_WHAT TO WORK ON_
The answer must consist only of the lines in the records below from the line with "Womens Tankini Swimsuit" to the line with "Icona tubi preisolati antincendio", both included, copied word for word with every picture left out.
Top of INPUT MATERIAL
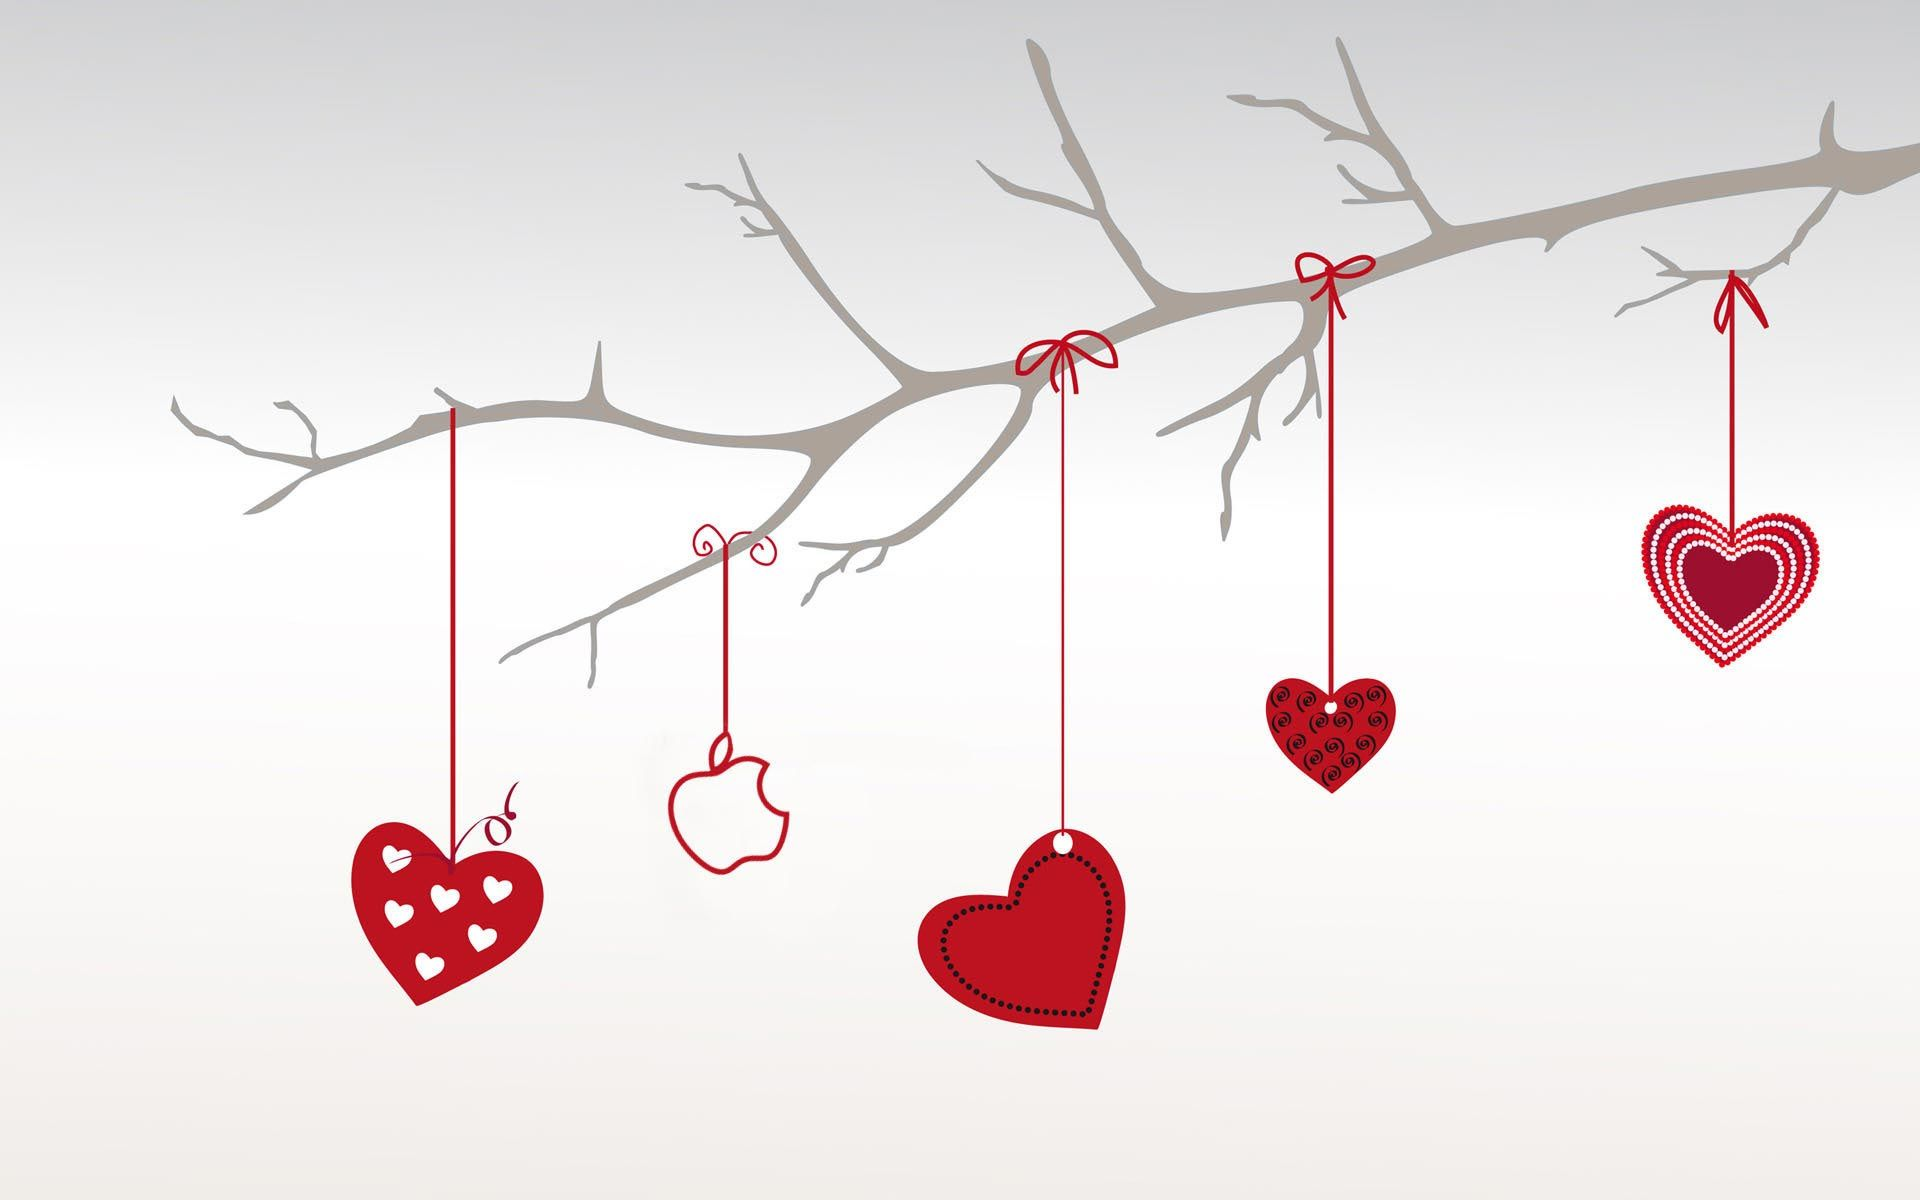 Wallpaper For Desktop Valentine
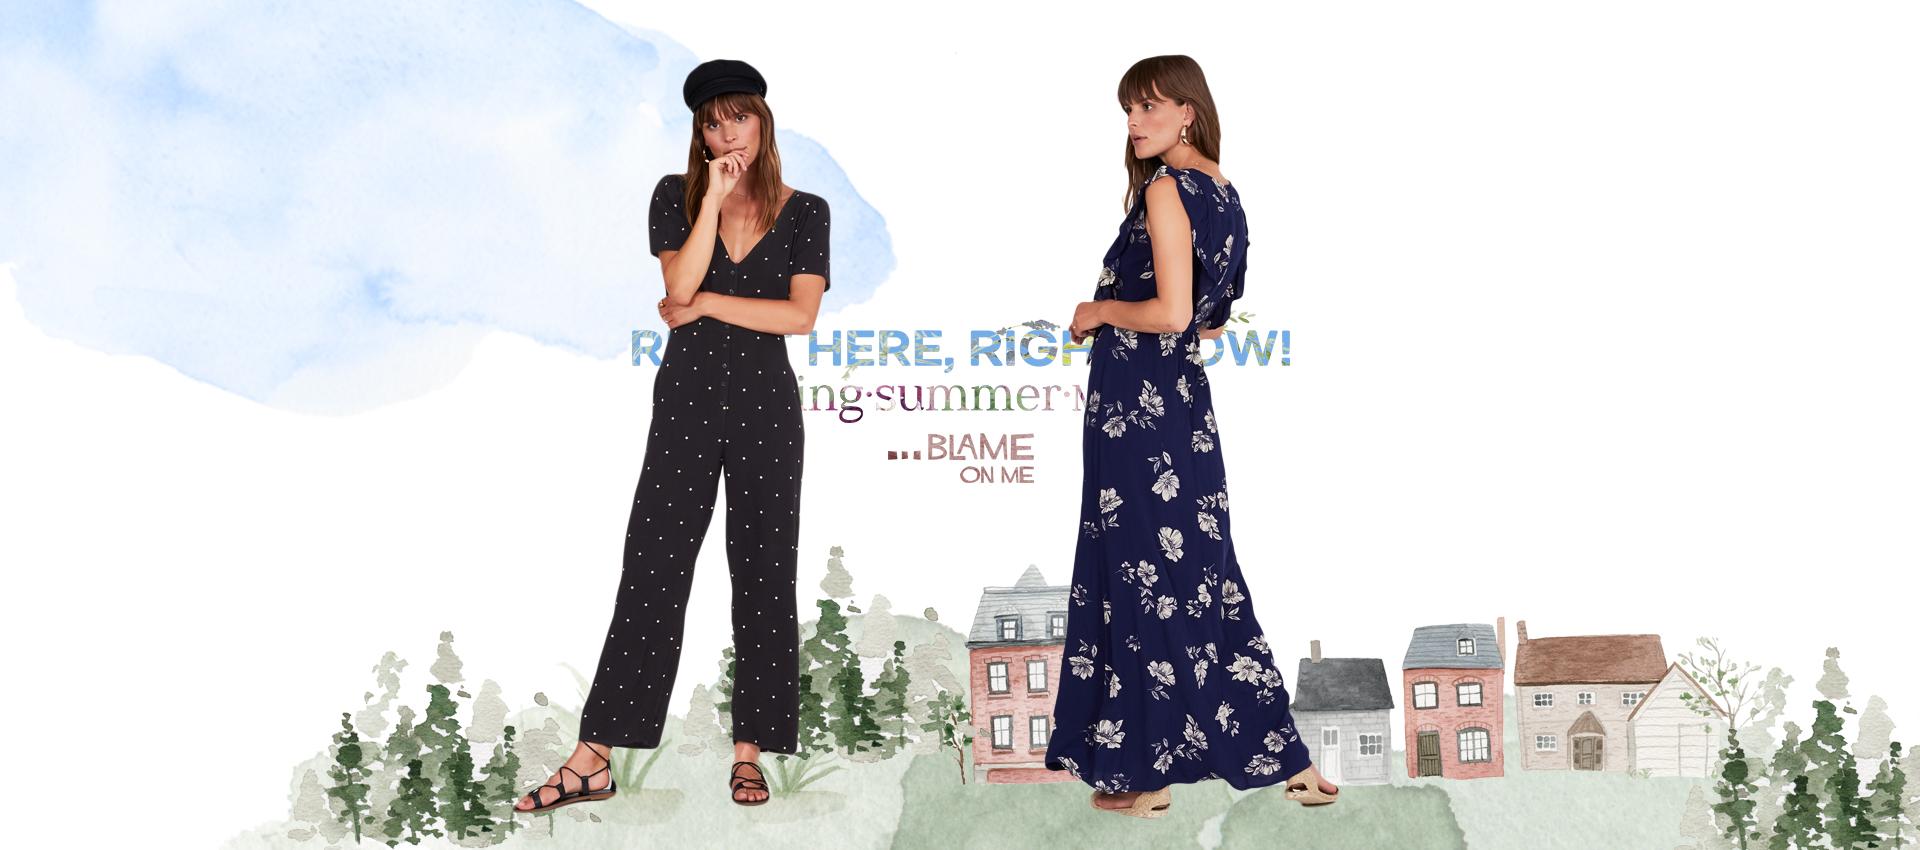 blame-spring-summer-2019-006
Bottom of INPUT MATERIAL
Top of INPUT MATERIAL
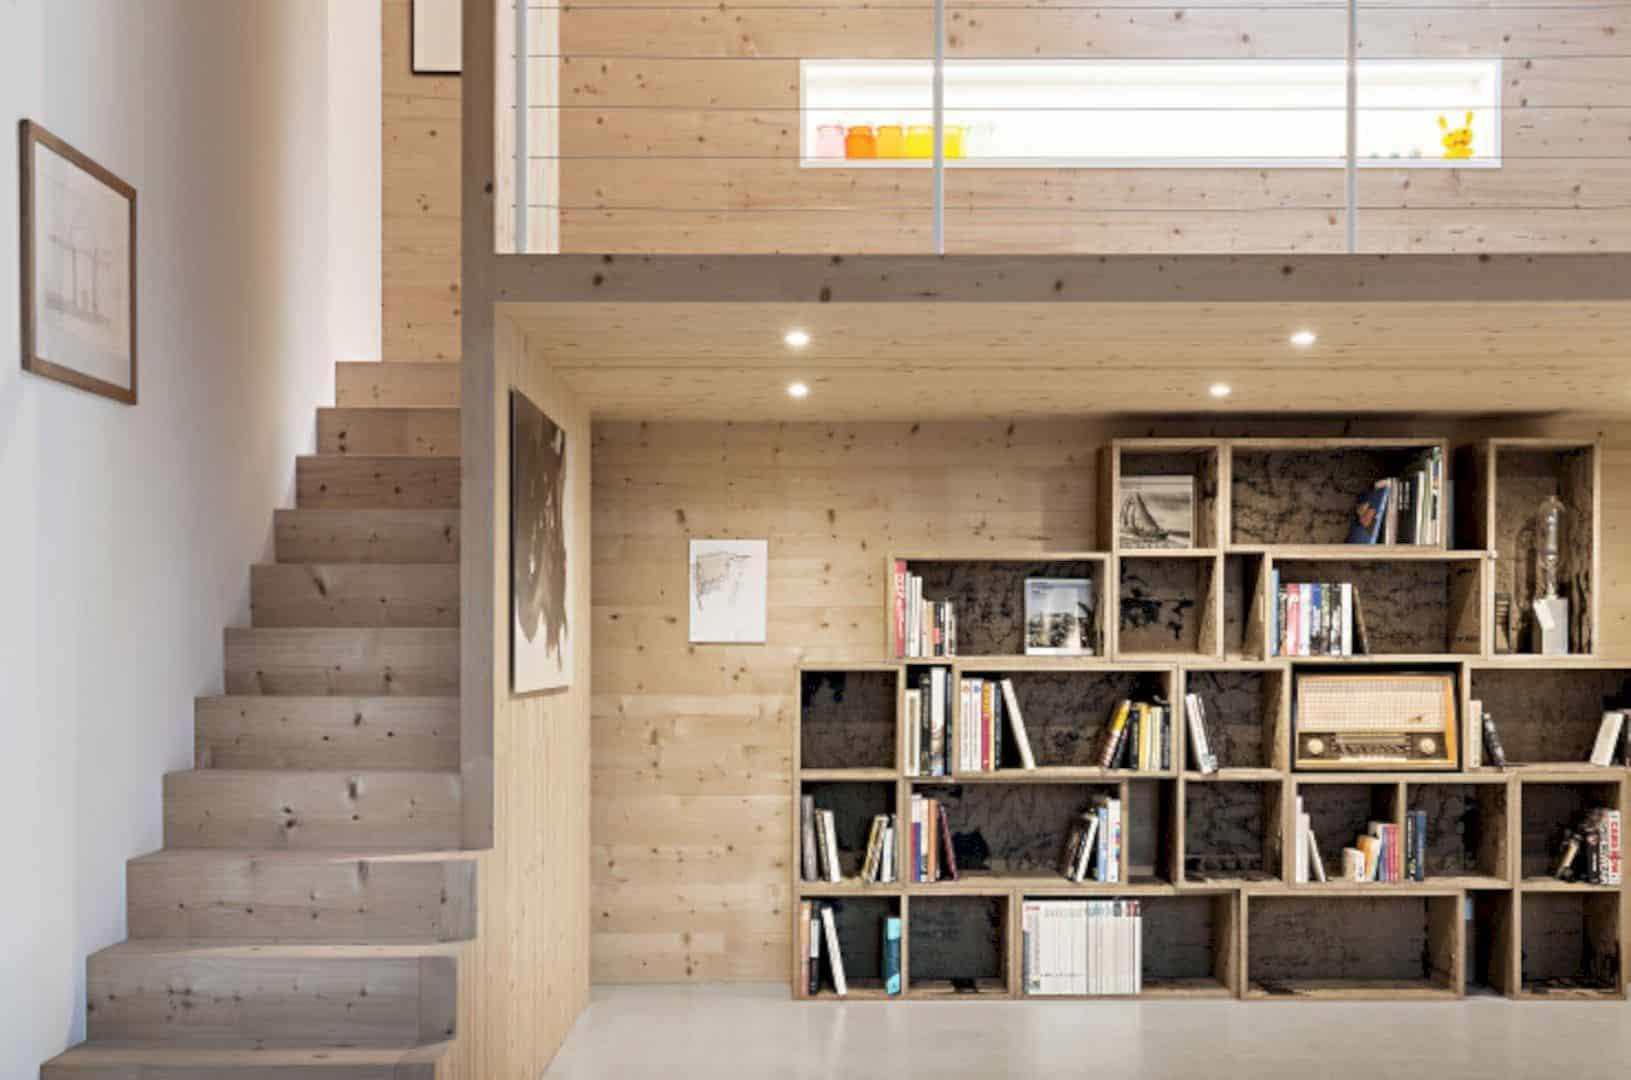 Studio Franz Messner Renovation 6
Bottom of INPUT MATERIAL
Top of INPUT MATERIAL
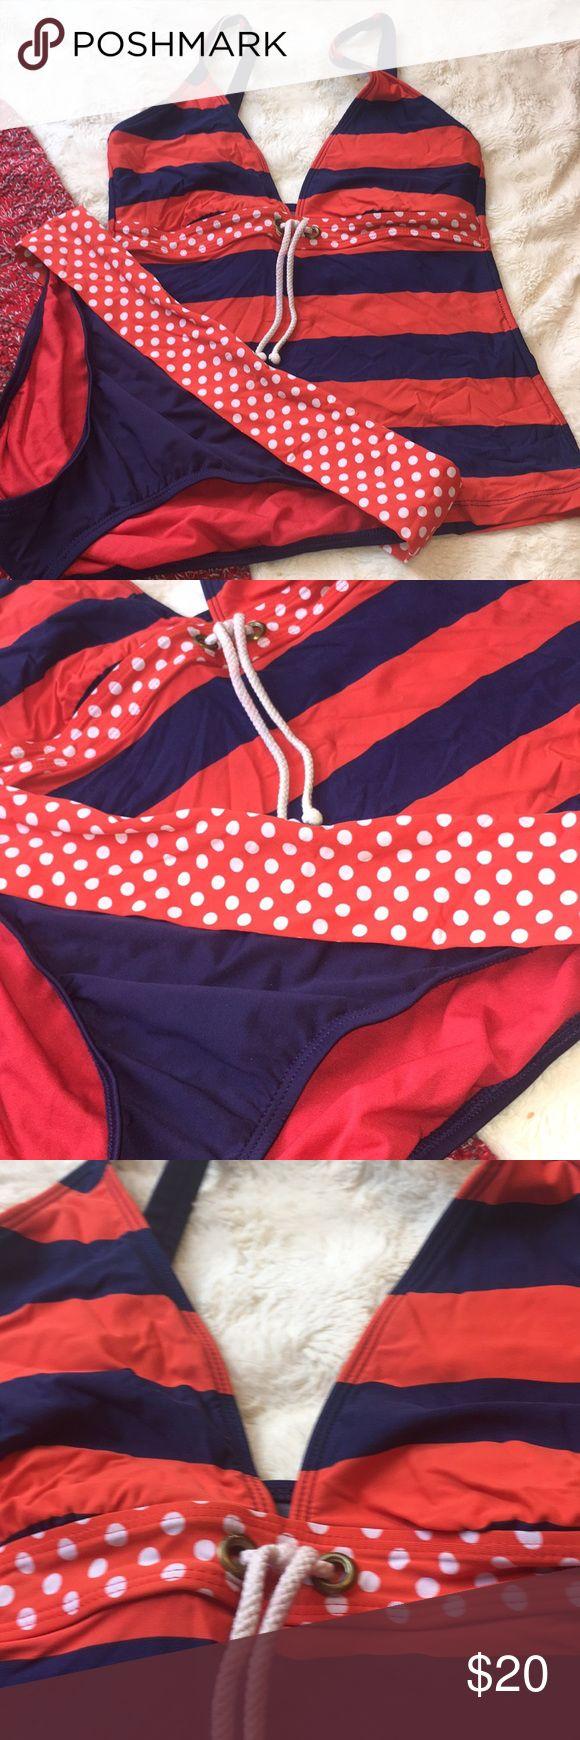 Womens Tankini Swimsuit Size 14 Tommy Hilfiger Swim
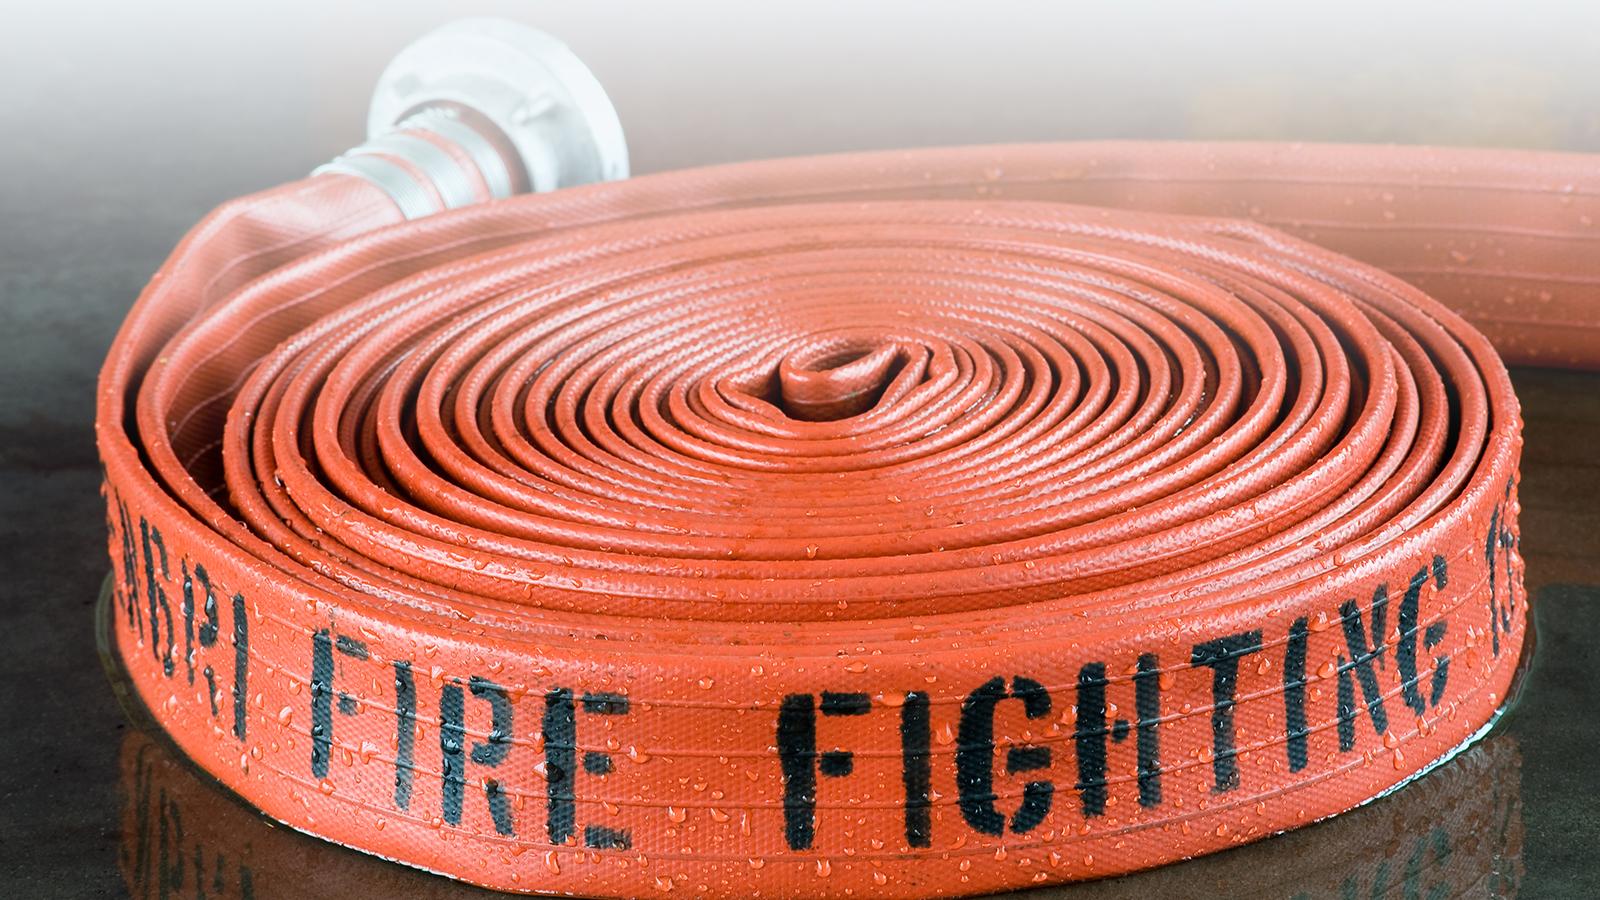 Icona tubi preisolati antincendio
Bottom of INPUT MATERIAL
_RESULT_
 Womens Tankini Swimsuit Size 14 Tommy Hilfiger Swim
 Icona tubi preisolati antincendio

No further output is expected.